On July 11, 2023, the Unites States Attorney’s office for the Southern District of New York announced that it had arrested Shakeeb Ahmed and charged him with wire fraud and money laundering in connection with his attack on a decentralized cryptocurrency exchange (the “Crypto Exchange”). Although the indictment did not identify the exchange, based on the facts described in the indictment, it has been reported that the hack was against Crema Finance, a decentralized cryptocurrency platform operating on the Solana blockchain.
As explained in the indictment, a decentralized exchange does not rely on any sort of entity or company to act as an intermediary between buyers and sellers. Instead, it relies on “smart contracts” (essentially a computer program that runs on the blockchain) associated with “liquidity pools,” analogous to pots of money, in order to serve as an “automated market maker.” An automated market maker controls a liquidity pool of different types of cryptocurrencies and uses a smart contract to buy and sell the cryptocurrencies in that liquidity pool. The Crypto Exchange paid fees to liquidity providers who deposited cryptocurrency into a liquidity pool. Those fees were calculated by a smart contract that took into account, among other things, the total amount of cryptocurrency the liquidity provider deposited and the actual amount of liquidity that was provided.
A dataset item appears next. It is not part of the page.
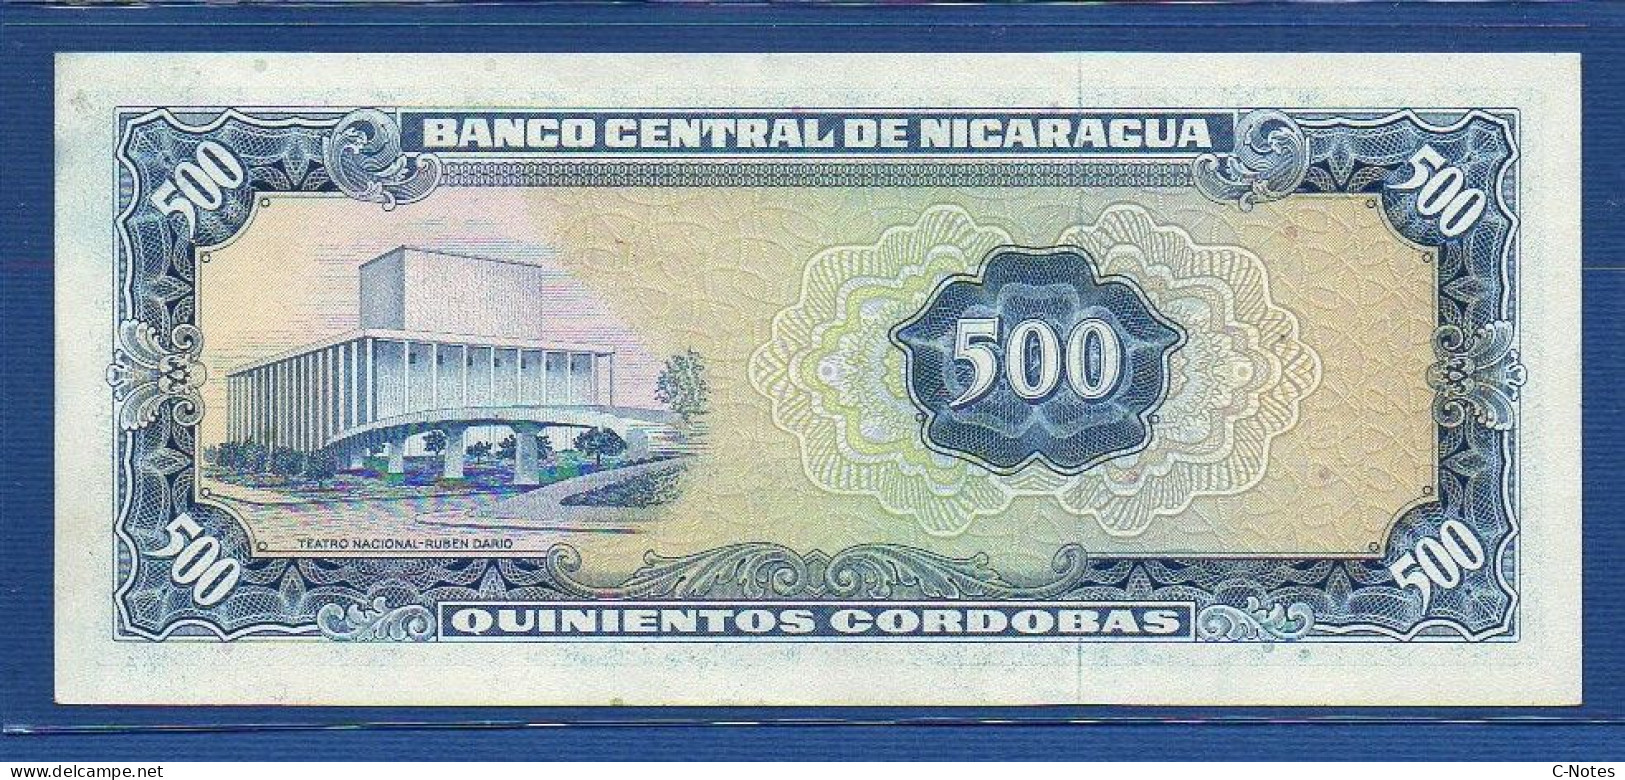 NICARAGUA - P.133 – 500 Córdobas 1979 AUNC, S/n E 0675758 - Nicaragua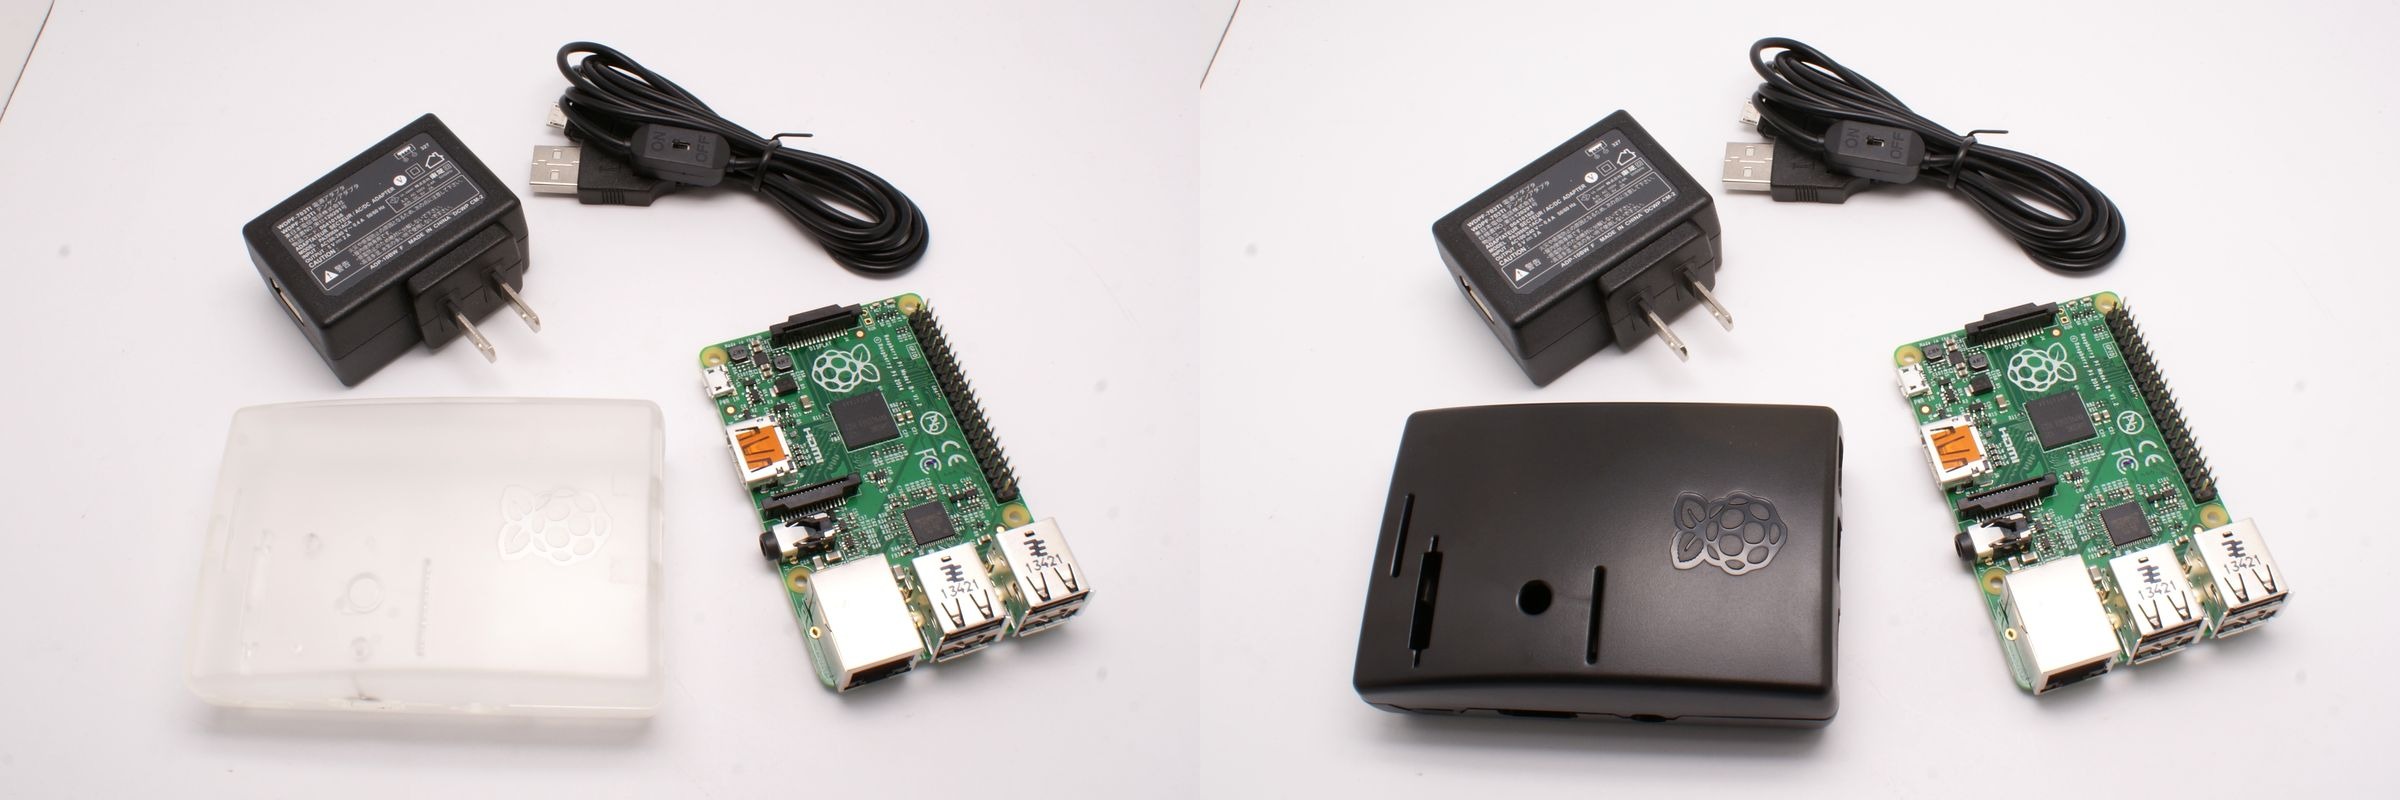 Raspberry Pi Model B+ 電源 SD 套件

According to the prosecutors, “In July 2022, Ahmed carried out an attack on the Crypto Exchange by exploiting a vulnerability in one of the Crypto Exchange’s smart contracts and inserting fake pricing data to fraudulently cause that smart contract to generate approximately $9 million dollars’ worth of inflated fees that Ahmed did not legitimately earn, which fees Ahmed was able to withdraw from the Crypto Exchange in the form of cryptocurrency. This conduct defrauded the Crypto Exchange and its users, whose cryptocurrency Ahmed had fraudulently obtained. . . Ahmed laundered the millions in fees that he stole from the Crypto Exchange to conceal their source and ownership, including through (i) conducting token-swap transactions, (ii) “bridging” fraud proceeds from the Solana blockchain over to the Ethereum blockchain, (iii) exchanging fraud proceeds into Monero, an anonymized and particularly difficult cryptocurrency to trace, and (iv) using overseas cryptocurrency exchanges.”
It was, however, after the alleged crime was committed that things got even more interesting, in terms of the negotiations that then took place. Based on the allegations in the indictment, almost immediately after the attack, the Crypto Exchange initiated public communications on the blockchain with the unidentified “hacker” in order to seek the return of the stolen funds. In these public statements, the Crypto Exchange indicated, among other things, that it would refer the attack to law enforcement if the stolen funds were not returned, and it offered to pay the then-unidentified hacker $800,000 for the return of all the stolen funds. A few days after the attack, Ahmed, using an encrypted email service based overseas, contacted the Crypto Exchange and stated that he would return a portion of the stolen funds (all but $2.5 million of the about $9 million stolen) if the Crypto Exchange agreed not to refer the attack to law enforcement for investigation. In response, on or about July 6, 2022, the Crypto Exchange restated its original figure of $800,000. On or about July 7, 2022, Ahmed indicated that he intended to keep $1.8 million of the stolen cryptocurrency. Later that same day, though, Ahmed returned all but approximately $1.5 million of the cryptocurrency that had been stolen.
The indictment also included details of Ahmed’s internet activity after the attack, including the following internet searches:
- white collar criminal defense attorneys with expertise in cryptocurrency
- DeFi hacks prosecution
- wire fraud
- how to prove malicious intent
- how to stop federal government from seizing assets
- evidence laundering
- can I cross the border with crypto
- buying citizenship
- 16 countries where your investments can buy citizenship
There is an obvious lesson for all from the fact that the government was able to include in the indictment such details concerning the manner in which the crime was executed, as well as the defendant’s internet activity.
Ahmed was arraigned on July 11. He is under house arrest in his Manhattan apartment until his trial, pursuant to a $1.5 million bond.